The sun doesn’t come up anymore; it is winter in Western Washington and I’ve increased my dose of vitamin D as per doctor’s suggestion. She didn’t check my levels, just said practically everyone she sees in our rainy climate is deficient so I should go ahead and take more. Maybe it will help with my depression, which is crushing and inescapable and I believe is at least partially artificial, an unfortunate fact of my body’s response to Femara — another issue is, of course, my grappling with giving up hope for a family of my own. I don’t feel like my moods are doing their bipolar cycling thing; I don’t think med adjustments will save me from the gravity of my feelings about childlessness.
I’m tired of fighting, of waking up and abruptly finding myself in a state of vigilance against possible heartache, my nerve endings already singing battle hymns as I descend into hypersensitivity. I check the news and am frustrated with those in power, but mostly I don’t understand why under an insightful analysis of ethnic cleansing in Myanmar there has to be an announcement that Chrissy Teigan is pregnant — like, does anyone care? I understand she has struggled with infertility but I don’t really know the specifics, or, indeed, who she actually is and what she’s contributed to the arts (I don’t own a TV and am largely indifferent to pop culture in my old age). I hate pregnancy announcements and find they are the most triggery thing I am regularly exposed to, and maybe she’s dabbled with assisted reproductive technology…all I know is she’s on number two and my broke ass is still on zero.
Oh god, I’ve witnessed so many miracles and I’m just left wondering, “Where’s mine?”. Ugh, enough of the self-pity. Once I get started, it never ends. And I’m 7dpo, I know it’s early but I already know in my bones that I’m, once again, not pregnant.
In December of 2014, I found out I was pregnant with Molly. I remember so clearly. I had sent Geoff to our favorite restaurant, a Mongolian grill where you assemble a meal and then they cook it, for takeout. He knew what ingredients I liked, I had the same thing every time…shrimp, scallops, broccoli, the sauce designated “sweet”, etc….unfortunately, the restaurant owner had decided to offer more exotic options that day, and my dear husband who refuses to invest in prescription eyeglasses and instead buys reading glasses from the dollar store mistook octopus for my scallops and attempted to feed it to me (I am not an adventurous eater). I didn’t even eat any, but I threw up for about a week from disgust before wondering if my distressed response was perhaps some sort of biological overreaction. Sure enough, it was morning sickness. We got our first BFP.
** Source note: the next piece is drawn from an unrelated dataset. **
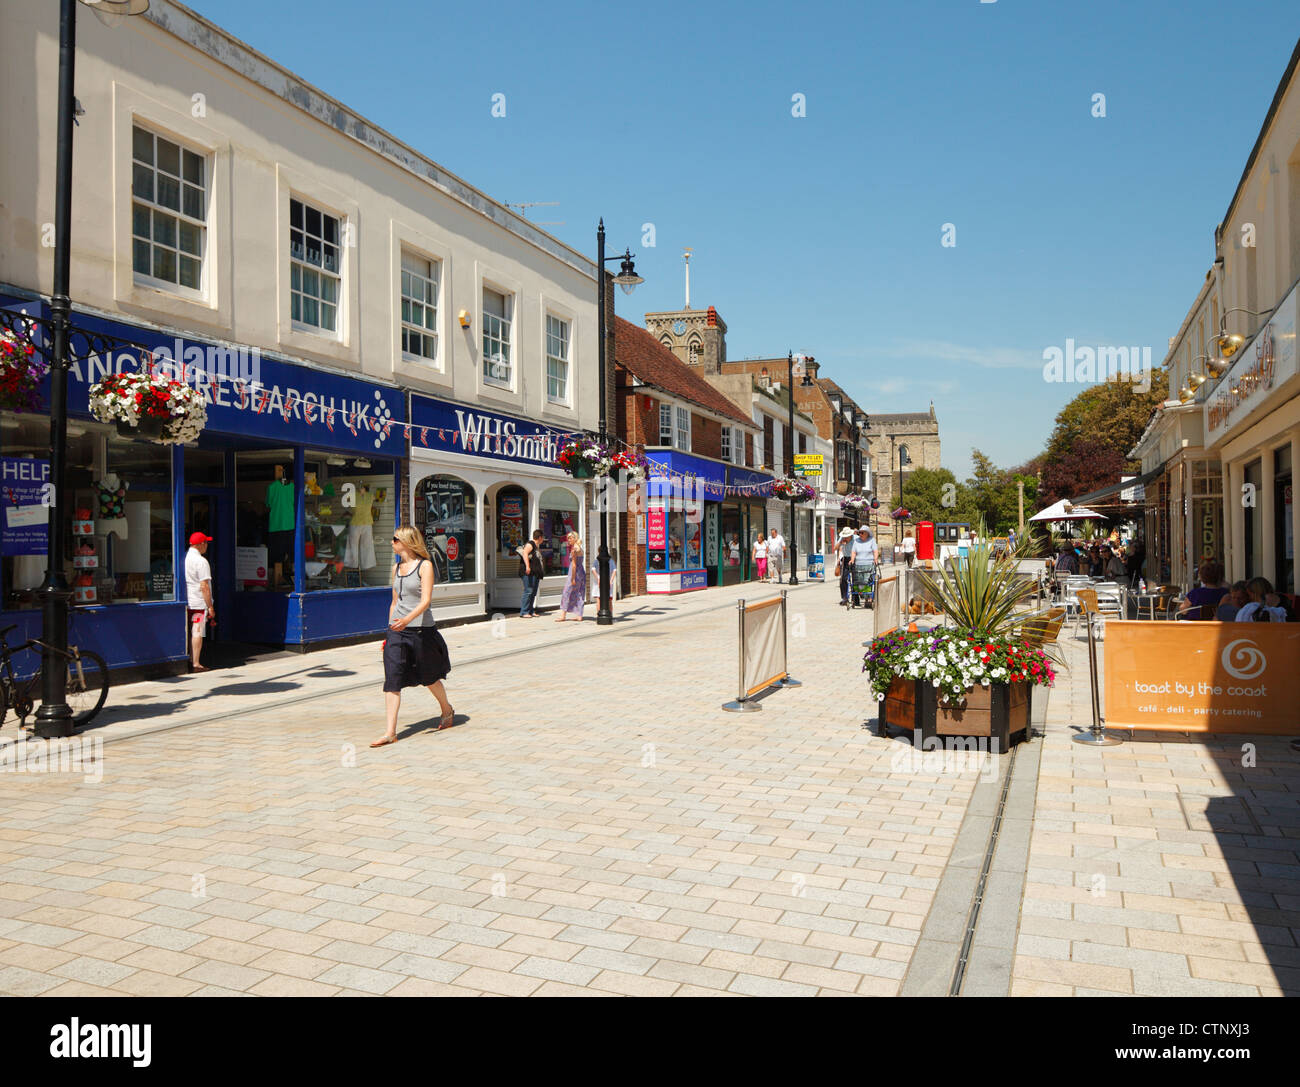 East Street, Shoreham by sea. - Stock Image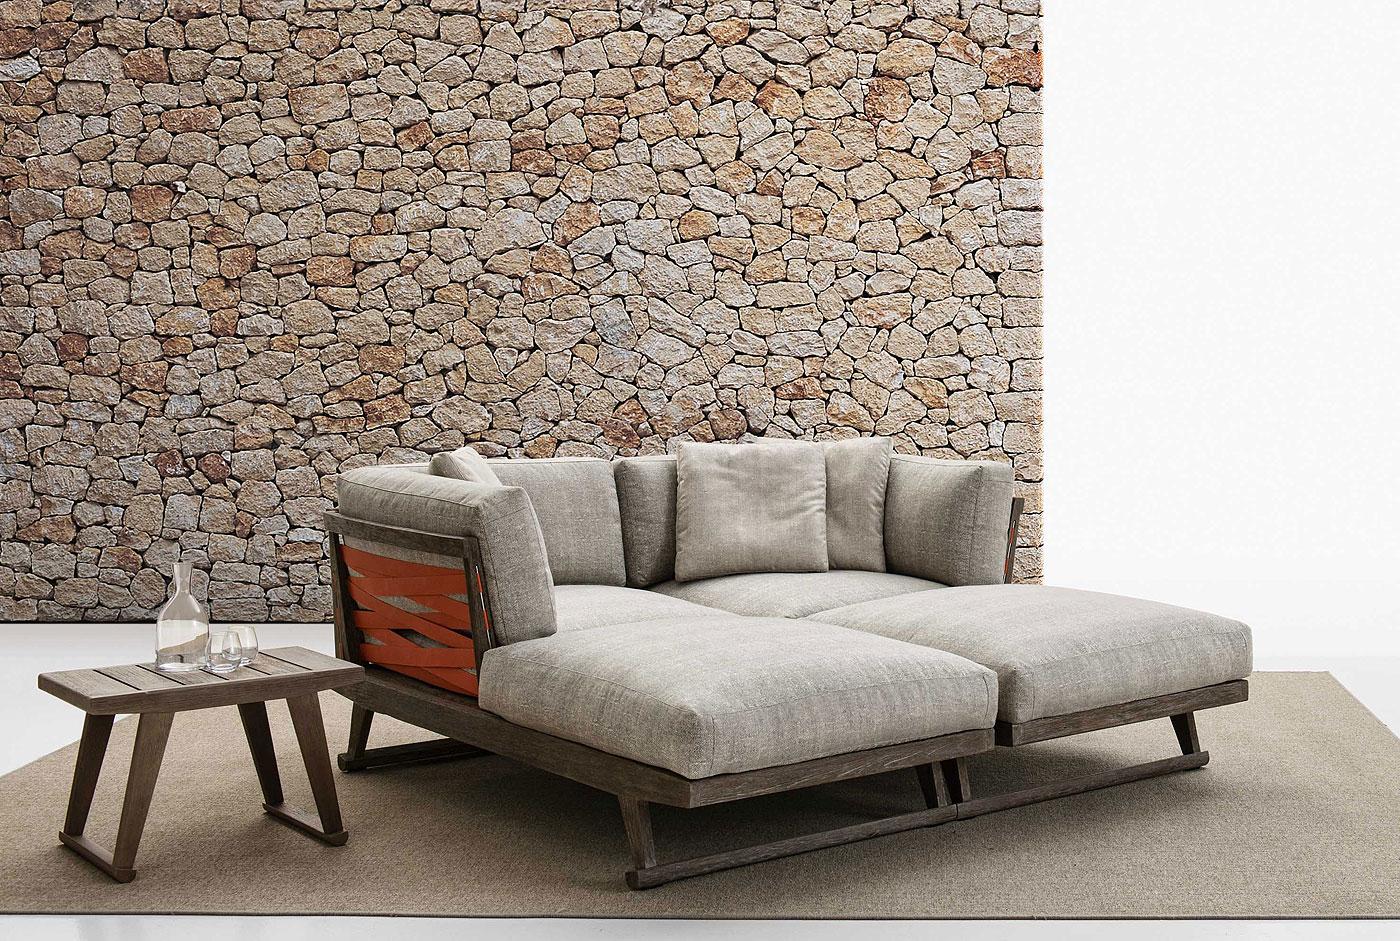 mobiliario-gio-outdoor-gio-antonio-citterio-B&B-Italia (3)

I was so fucking happy. We had only tried once. I honestly thought we were having a baby, that I must be pretty fucking fertile. Eighteen wonderful weeks, ending in despair like I’d never imagined, having to have a fucking second trimester abortion for fatal chromosomal defects. She would be two by now but instead my arms are empty and I’m ready to quit . It’s just a fluke, said the perinatologist, said the genetic counselor. It’s very unlikely it will ever happen again. Uh huh, right.
I remember how happy my dad was when I told him we were expecting. How he was already making plans to come out and see me And Geoff and baby, who was due in September. And I remember my mom not being happy at all, and me not even caring. And now I think nothing good will ever happen again. What will I do? Next summer at 40 years old, then at 50, at 60? What will I do?
Infertility stories are supposed to have happy endings, or, at least, they seem to have them for most of the people I’ve communicated with over the years. They are supposed to tell of perseverance and determination, of overcoming all odds, of blessings from above. My story ends in pain and suffering that will never go away. My head throbs and I find myself reluctant to eat and take my meds, shivering with anxiety as panic grips me by the shoulders. I pull my little cat close — I am very very sick today. I reach for some candy, and for the Restoril. I just want to feel better. Maybe tomorrow I will.